— Task brief —
The whole listing below should be retyped exactly, without any images.

— Material provided —
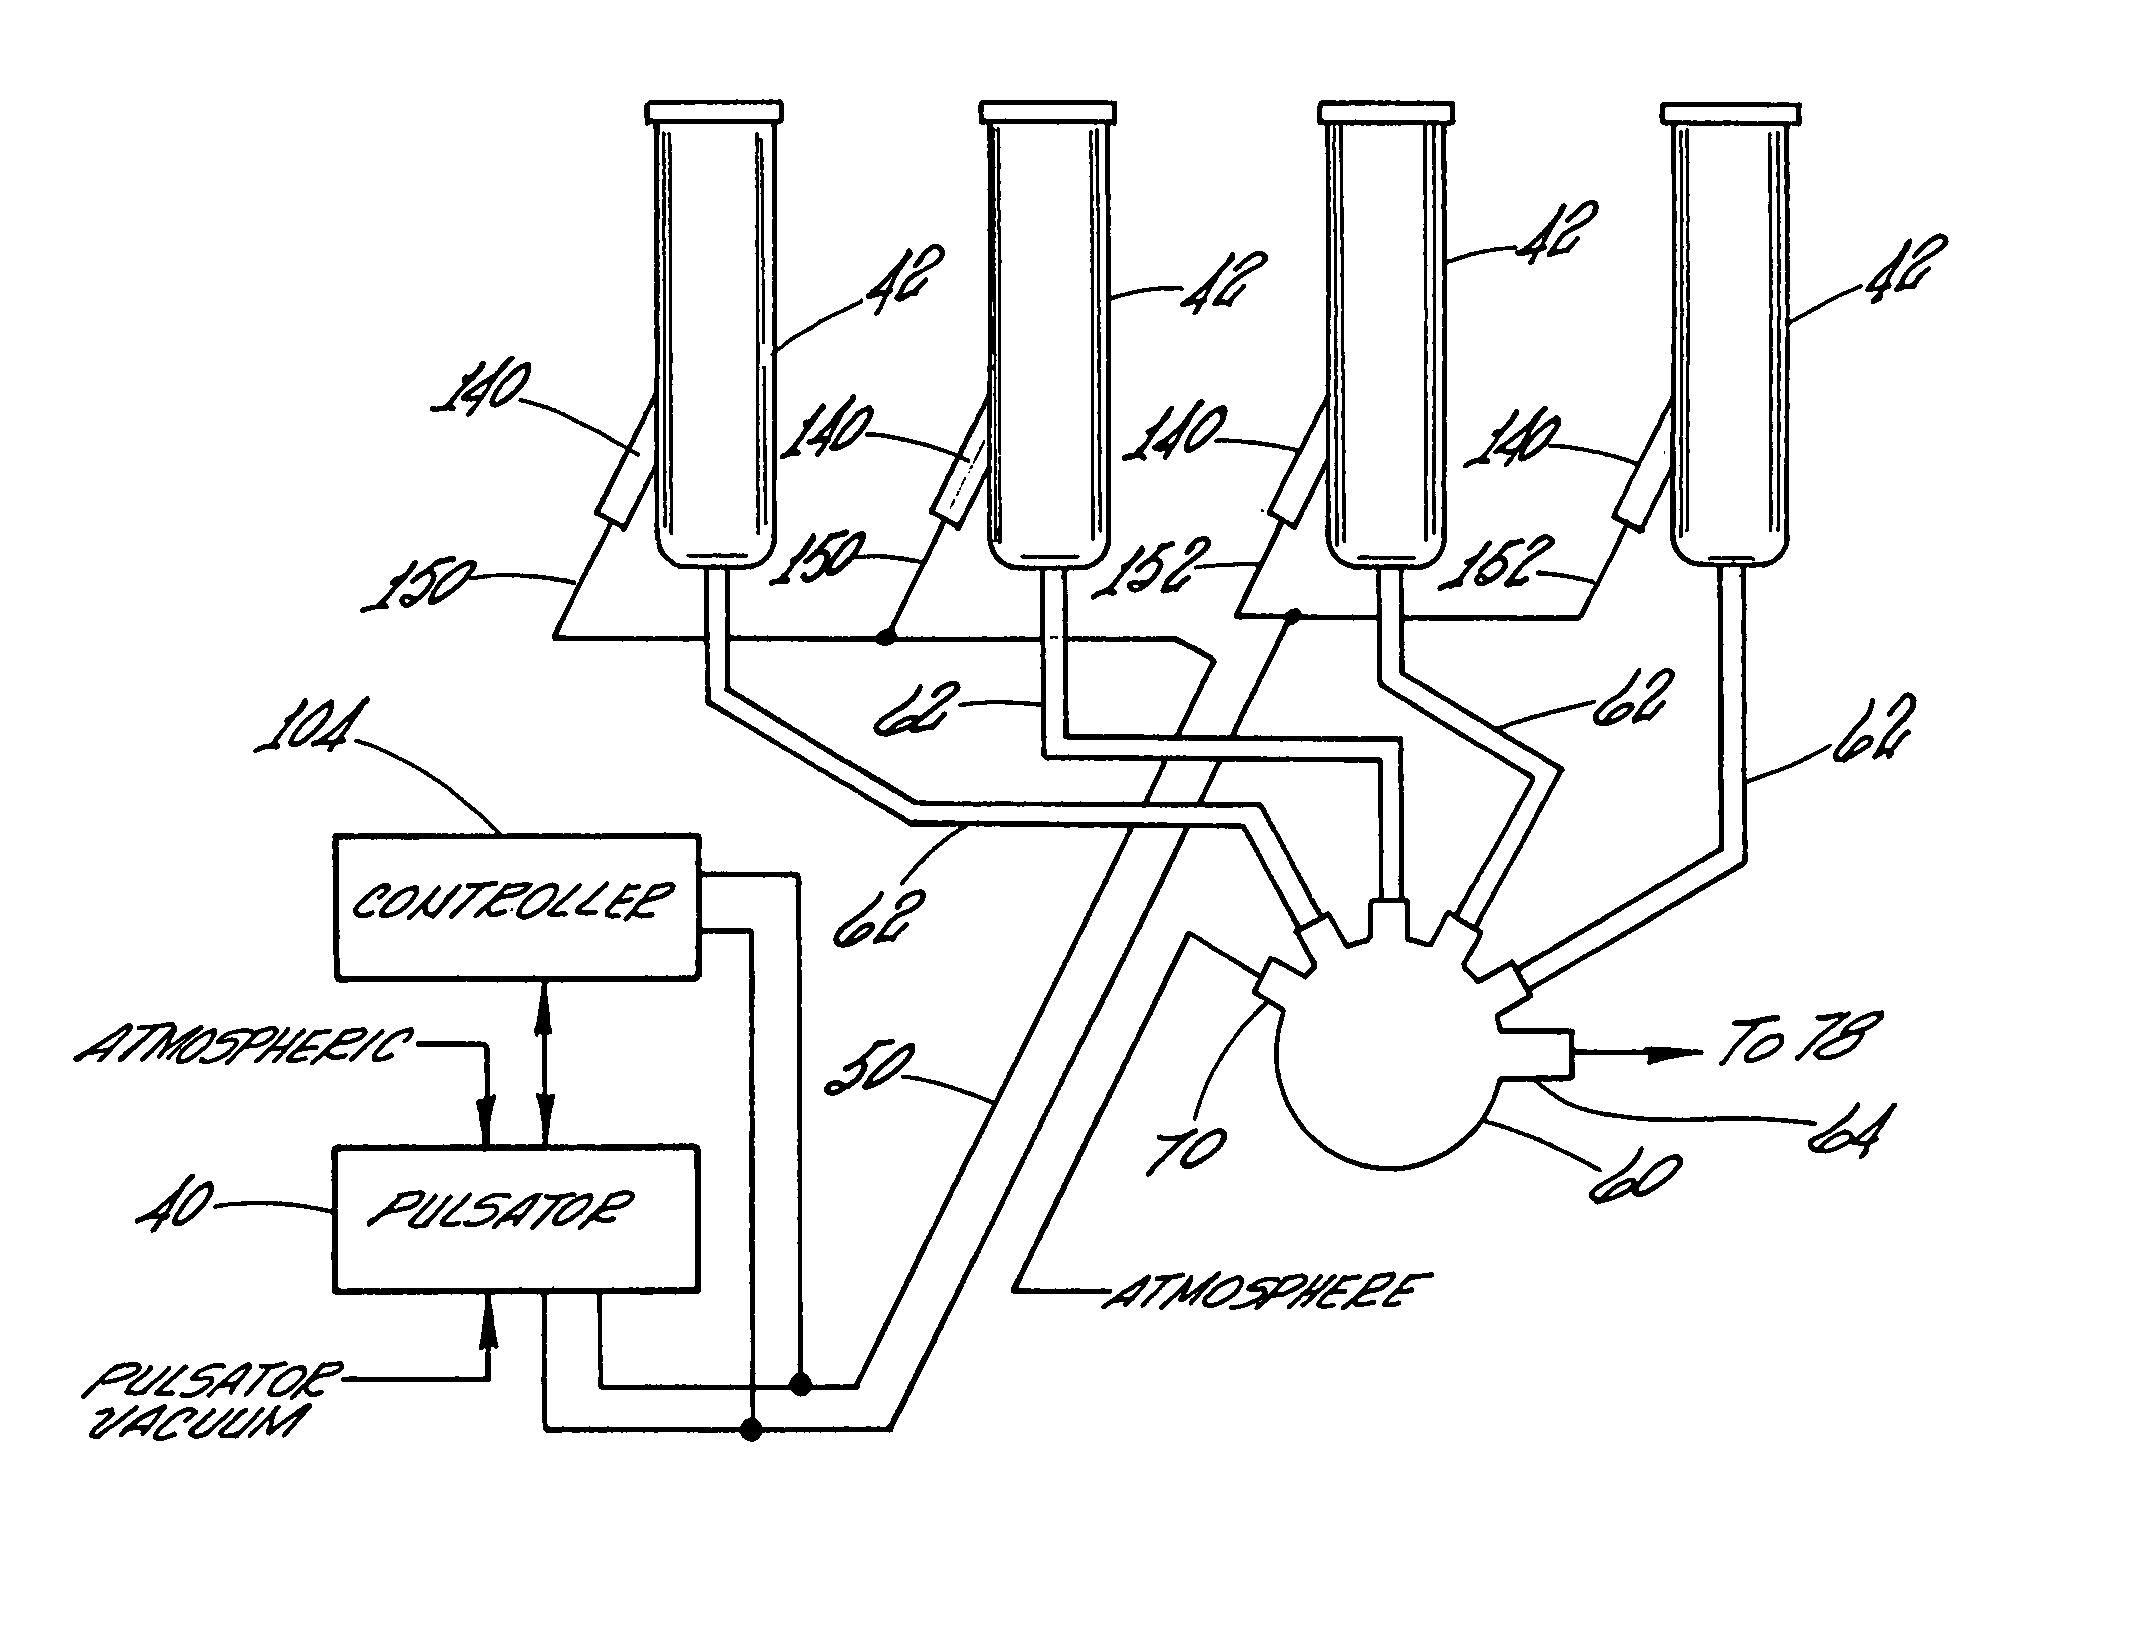 patent us7841296
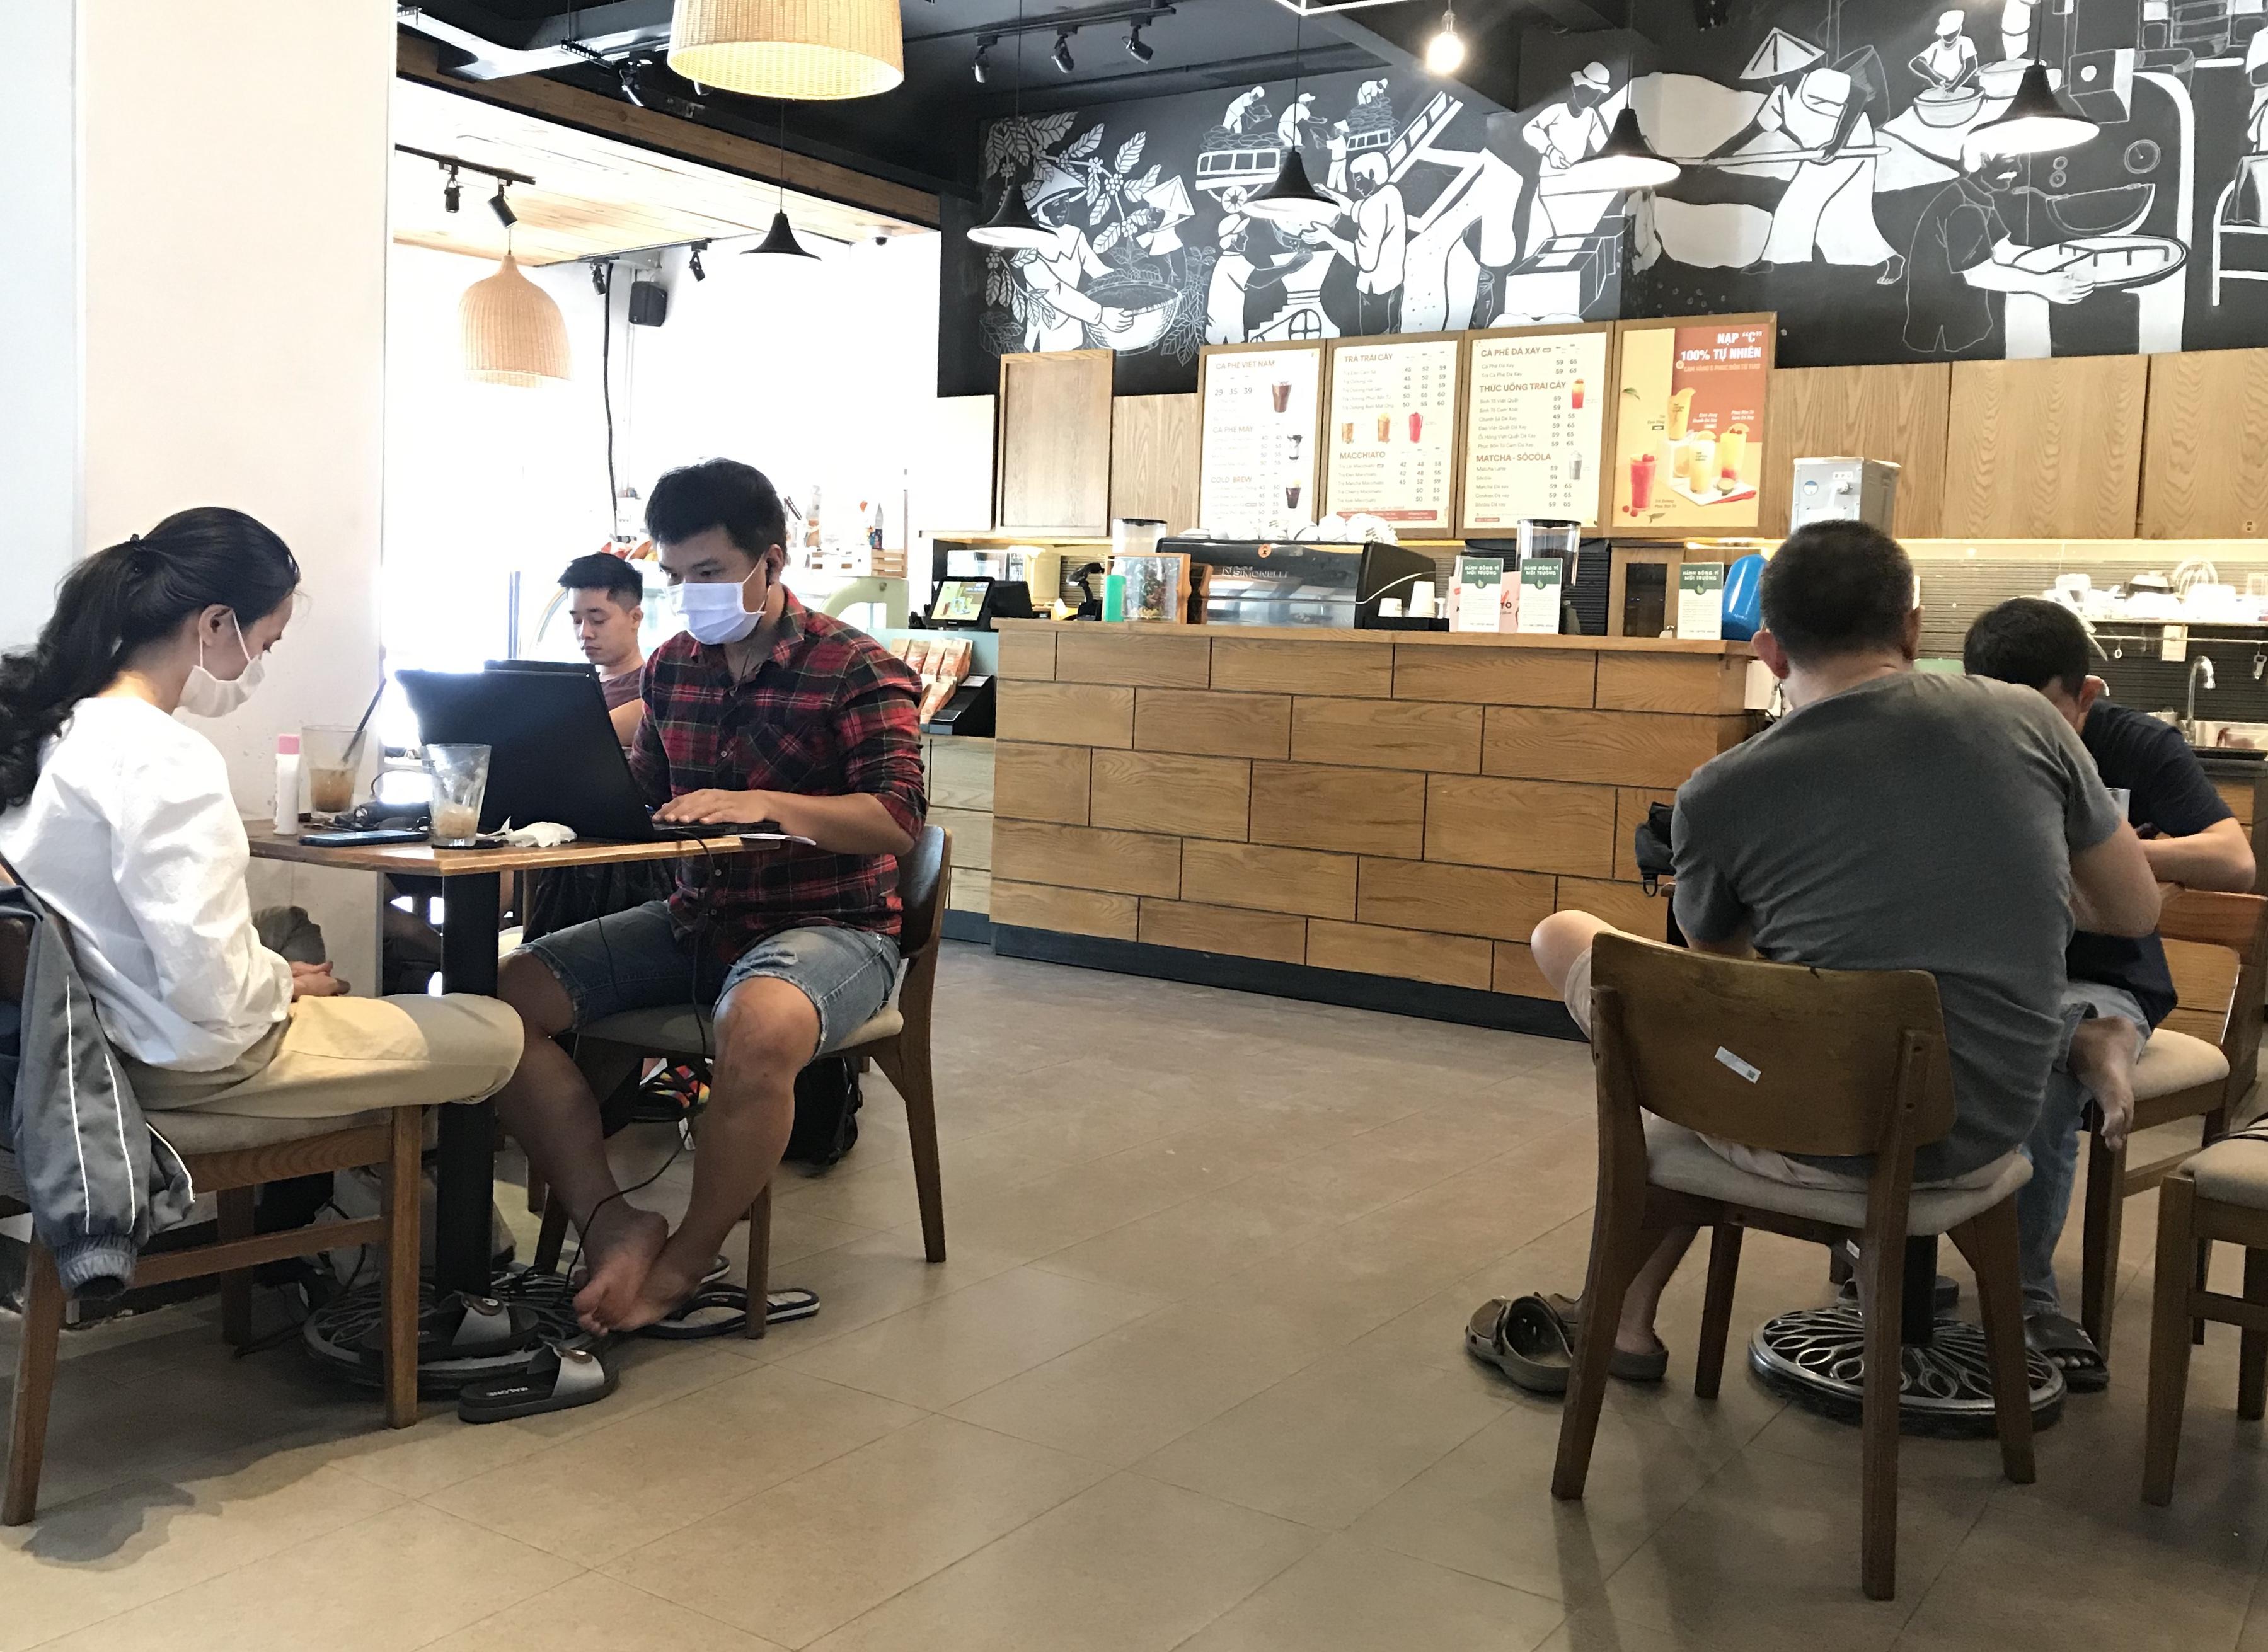 Thủ tướng cho phép bỏ quy định giãn cách tại nhà hàng, quán ăn - Ảnh 1.
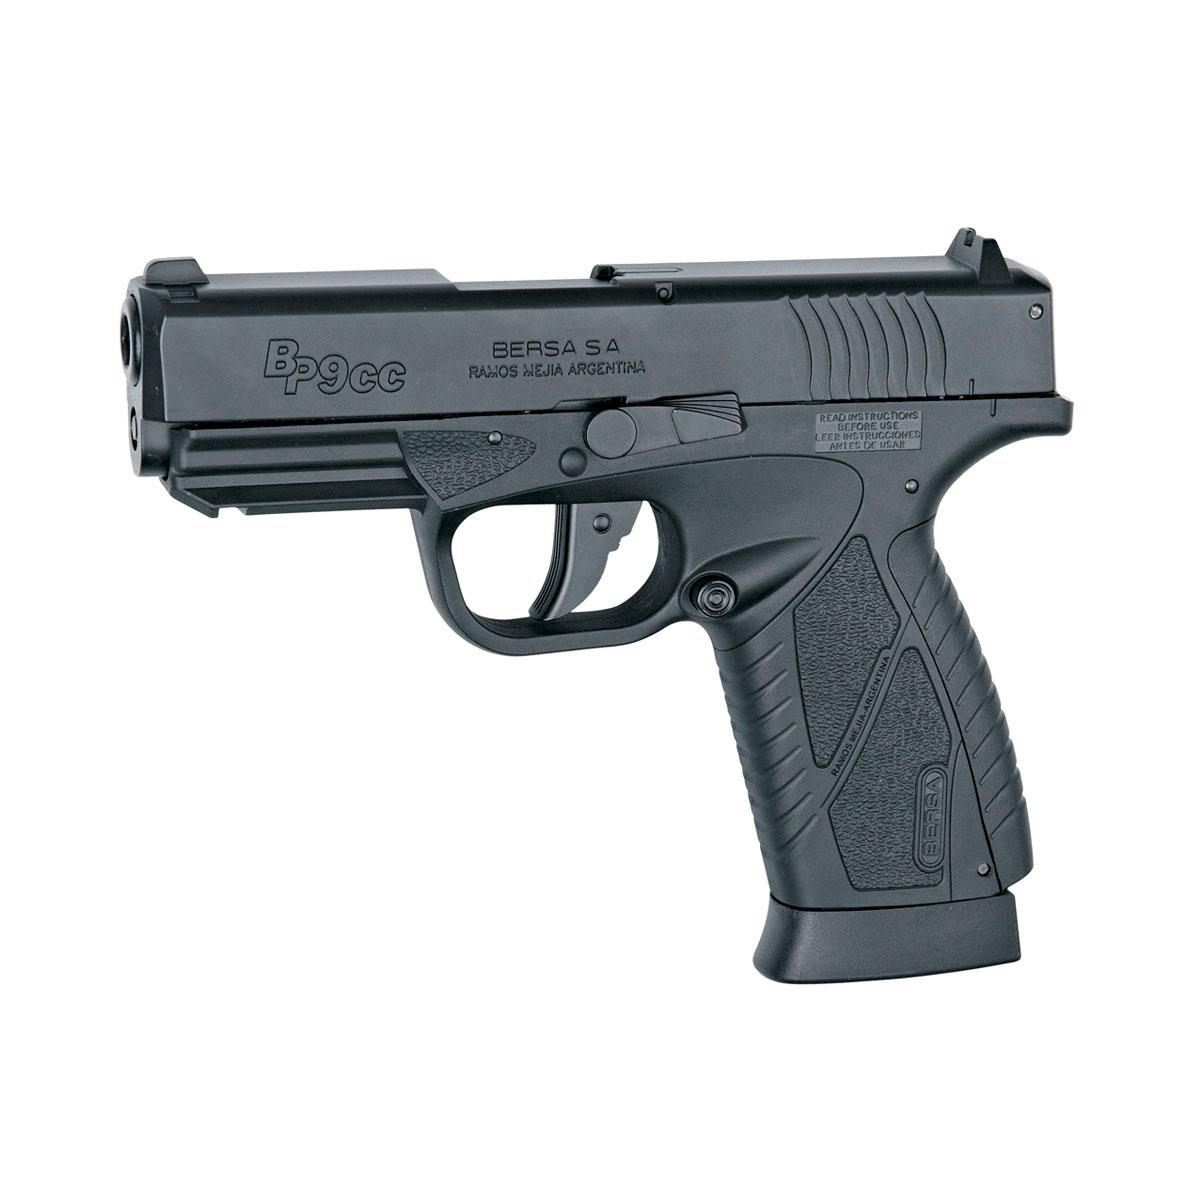 """BP9CC - полуавтоматический пистолет, производимый по лицензии аргентинской компании BERSA. Это - легкий, компактный, сверхтонкий пистолет(рукоять чуть шире баллона СО2) с эргономичным дизайном. Небольшая по размеру рукоять подойдет для подростка или девушки, желающих заняться стрелковой практикой. Модель максимально имитирует функции всех частей: подвижный затвор, планка Пикатинни под стволом для крепления фонаря и ЛЦУ. Версия не-блоубэк (при выстреле """"затвор"""" остаётся неподвижным).Возврат  товара  возможен только при наличии заключения сервисного центра.Время работы сервисного центра: Пн-чт: 10.00-18.00Пт: 10.00- 17.00Сб, Вс: выходные дниАдрес: ООО """"ГАТО"""", 121471, г.Москва,  ул.  Петра  Алексеева,  д  12., тел. (495)232-4670, gato@gato.ru"""

— Task result —
 patent us7841296
 Thủ tướng cho phép bỏ quy định giãn cách tại nhà hàng, quán ăn - Ảnh 1.
 """BP9CC - полуавтоматический пистолет, производимый по лицензии аргентинской компании BERSA. Это - легкий, компактный, сверхтонкий пистолет(рукоять чуть шире баллона СО2) с эргономичным дизайном. Небольшая по размеру рукоять подойдет для подростка или девушки, желающих заняться стрелковой практикой. Модель максимально имитирует функции всех частей: подвижный затвор, планка Пикатинни под стволом для крепления фонаря и ЛЦУ. Версия не-блоубэк (при выстреле """"затвор"""" остаётся неподвижным).Возврат  товара  возможен только при наличии заключения сервисного центра.Время работы сервисного центра: Пн-чт: 10.00-18.00Пт: 10.00- 17.00Сб, Вс: выходные дниАдрес: ООО """"ГАТО"""", 121471, г.Москва,  ул.  Петра  Алексеева,  д  12., тел. (495)232-4670, gato@gato.ru"""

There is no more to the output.